US finds it hard to maintain impartial stance

Since the Obama administration shifted its foreign policy priority to the Asia-Pacific region it has greatly enhanced its engagement in regional affairs both diplomatically and economically. In addition to strengthening ties with their allies and partners, the United States has tried to consolidate its power in the region by interfering in the territorial disputes in the South China Sea and East China Sea.

Amid escalating tensions between China and Japan over the Diaoyu Islands in the East China Sea, several US diplomats have said on different occasions over the past week that Washington will not take sides in the dispute, and that it is very sincere about its impartial position.

But on Aug 28, State Department spokeswoman Victoria Nuland admitted that the United States considers the islands to be called "Senkakus", the Japanese name for the disputed Diaoyu Islands, and covered by the US-Japan defense treaty.

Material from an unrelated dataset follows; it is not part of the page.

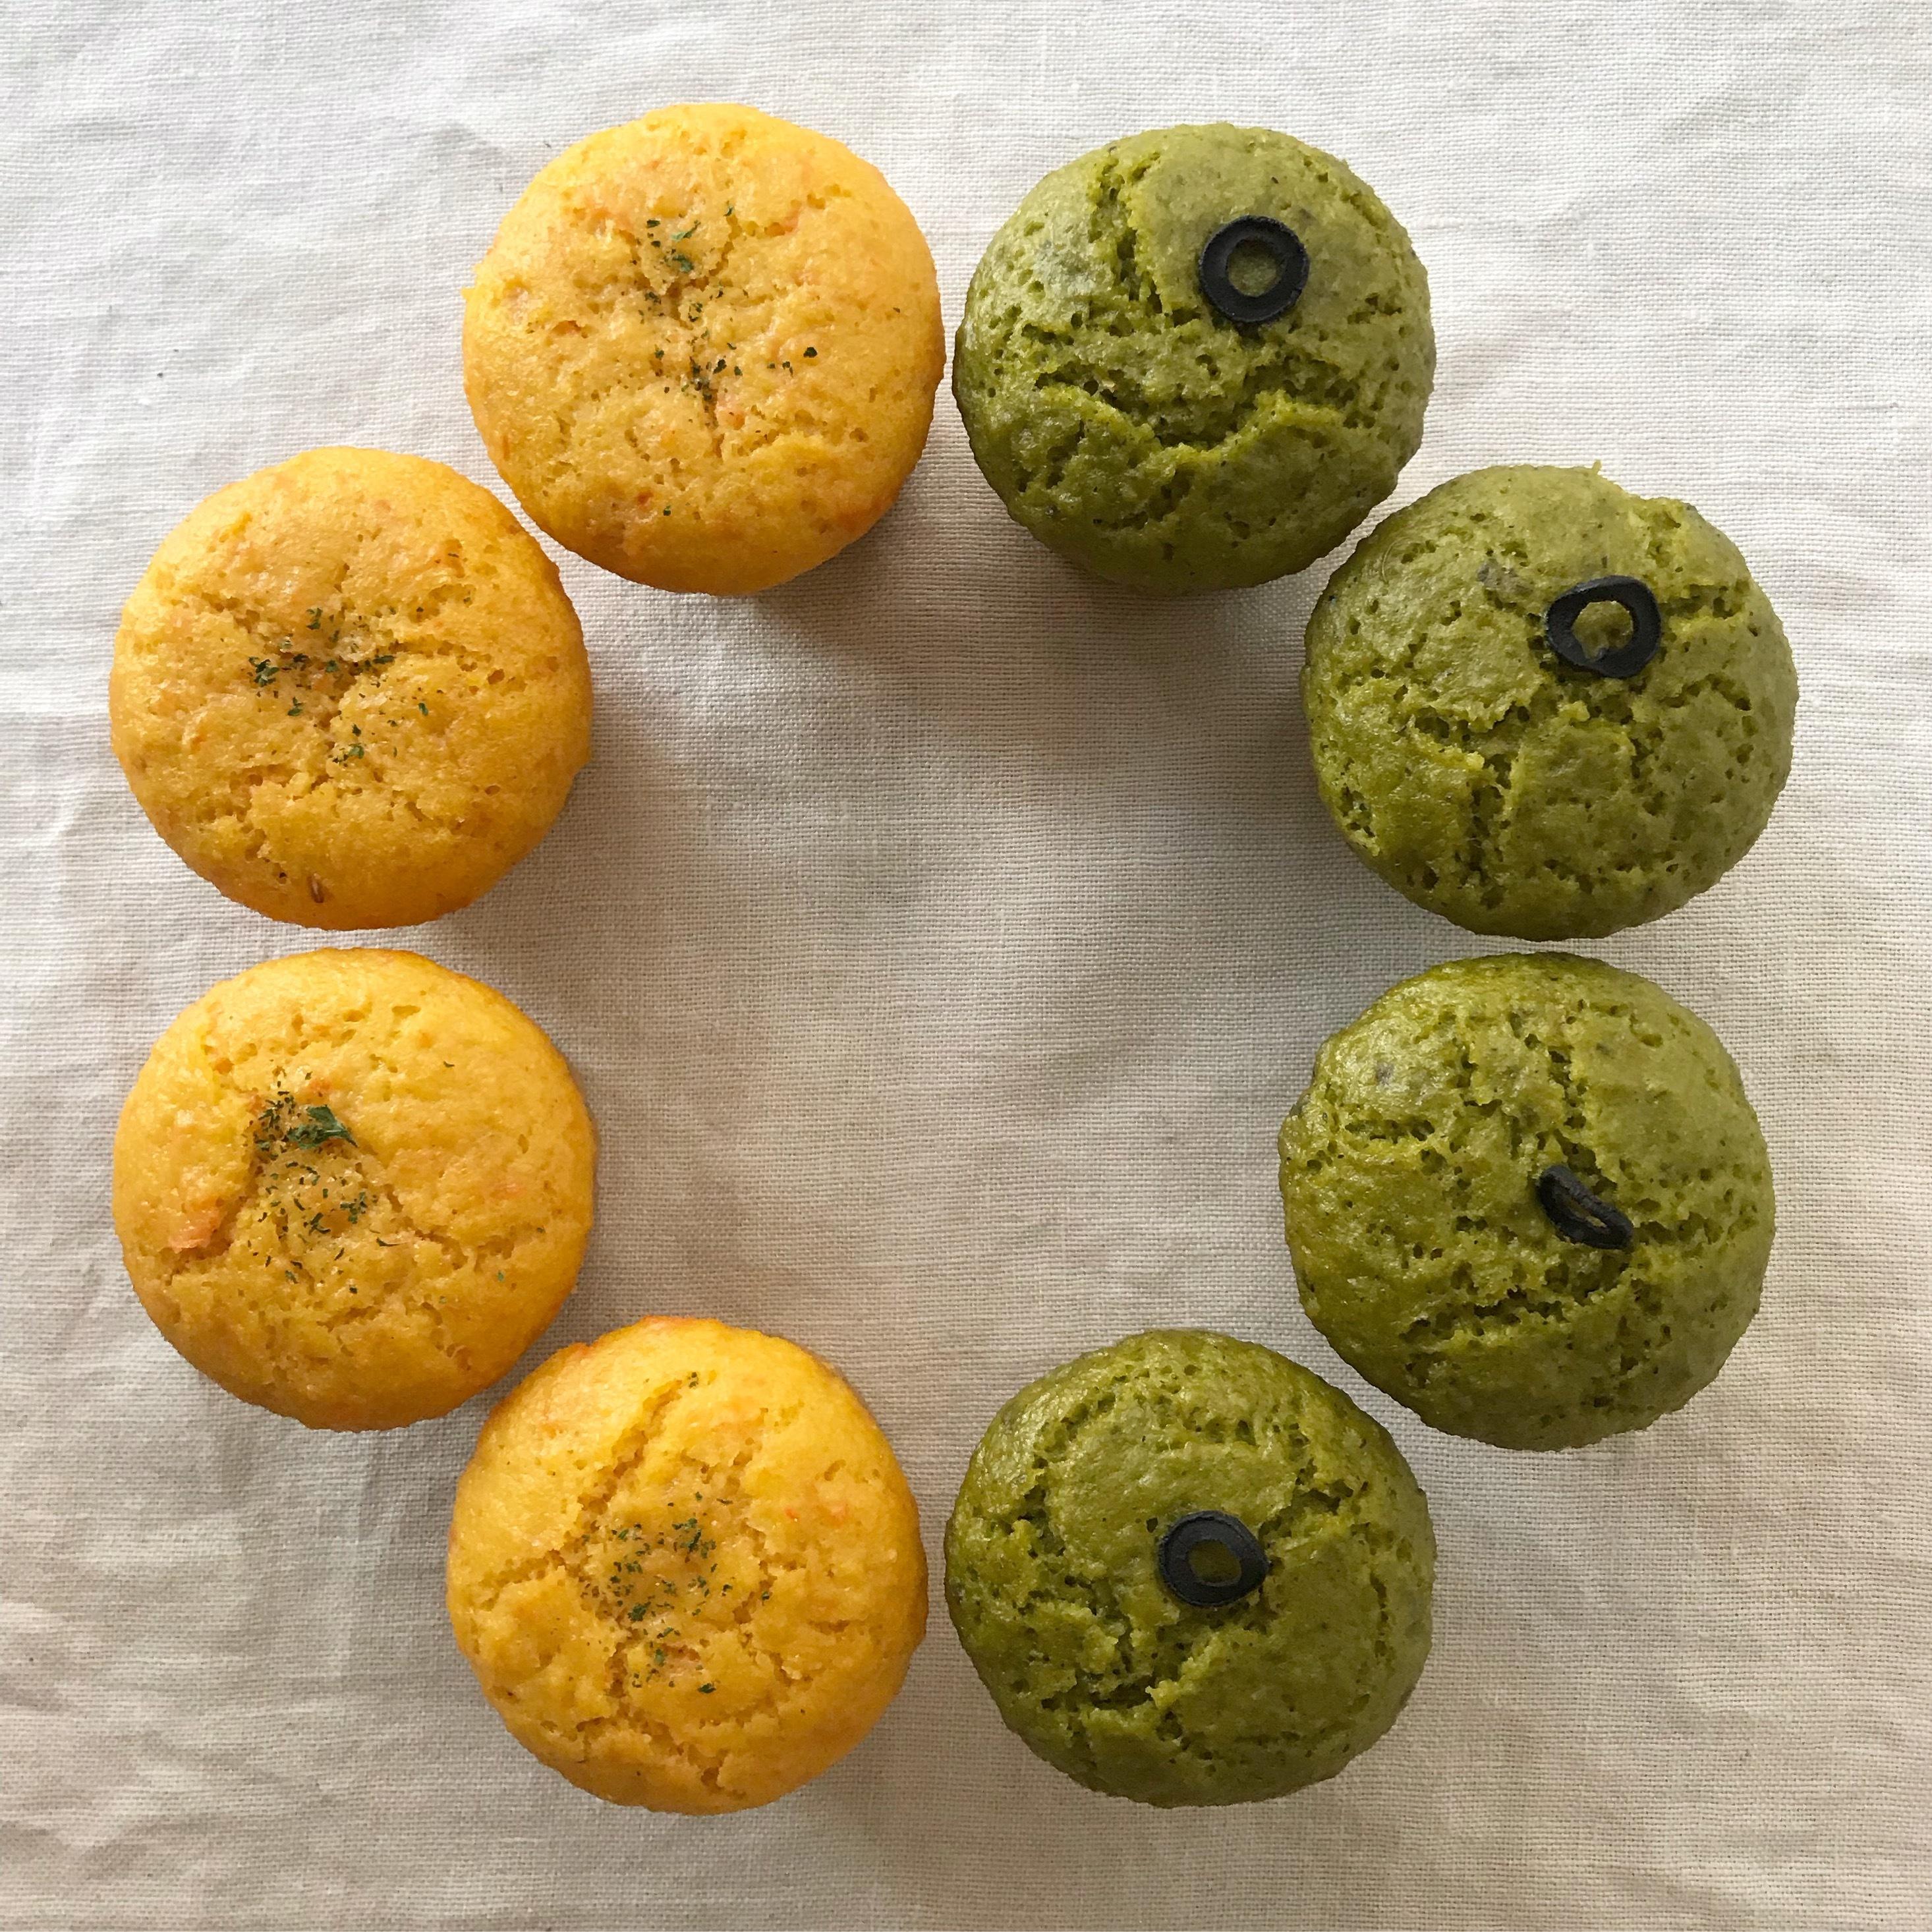 お野菜蒸しまふぃんミニセット にんじんほうれん草(8個入り)

"We've consistently said that we see them falling under the scope of Article 5 of the 1960 US-Japan Treaty," she said.

"We don't take a position on the islands, but we do assert that they are covered under the treaty."

Japan's Kyodo News Agency reported on Friday, that US Defense Secretary Leon Panetta, ahead of his visit to China and Japan, reaffirmed to Japanese reporters that the Diaoyu Islands are under the protection of the US-Japan defense treaty.

Ted Carpenter, senior fellow for defense and foreign policy studies at the Cato Institute, a think tank in Washington, said the US position on the Diaoyu Islands is "contradictory", according to Xinhua News Agency.

"The only way the US-Japan defense treaty should apply to those islands is if the United States regards them as Japanese territory," he said.

"If in fact Washington is neutral about the substance of the dispute, namely, we won't decide whether the islands belong to China or Japan, then clearly the defense treaty should not cover those islands," he said.

In the South China Sea, Washington is also finding it difficult to maintain an even-handed approach.

In July 2010, US Secretary of State Hillary Clinton waded into the South China Sea territorial dispute by telling a regional security forum in Vietnam that a peaceful resolution of the disputes over the Nansha and the Xisha islands was in the US national interest.

She also suggested a multilateral solution to the question and called for "a collaborative diplomatic process by all claimants for resolving the various territorial disputes".

China, which has overlapping claims in the South China Sea with Vietnam, Malaysia, Brunei, and the Philippines, has been continually trying to solve the issue through bilateral negotiation.

Bonnie Glaser, Asian security expert at the Center for Strategic and International Studies, pointed out that being "objective and fair" in the territorial disputes will give credibility to US policy, but said she saw the State Department make an "unfortunate departure" from the impartial position in its Aug 3 statement on the South China Sea issue after China upgraded the administrative level of Sansha City.

"By singling out China for reproach by name and not mentioning the provocative actions of other claimants, the US provided Beijing with ammunition to argue that Washington has taken sides against China and undermined the US stance that the South China Sea disputes should be managed based on a principled approach," she said in the prepared written testimony before the House Committee on Foreign Affairs on Wednesday.

"The US damages its credibility by not acknowledging the violations of other parties."

She told China Daily in a recent interview that US officials have been ambiguous when talking about whether the disputed Huangyan Island is included in the US-Philippines 1951 Mutual Defense Treaty.

"The treaty was signed in 1951, which predated the Philippines claims to those particular reefs and shores. The wording is somewhat ambiguous, and more importantly, the statements made by the US officials are ambiguous. In my view, that is deliberate," she said.

"The United States does not want to signal that it would never come to the Philippines' assistance if its claim or control over that area was threatened, because we don't want to give the Philippines a blank check and embolden them to act."

But Washington does not want to give Beijing an opportunity to seize the area by saying the island is not covered by the treaty, she added.

"So the US, from an observers' view, sees the ambiguity as serving much to its interest."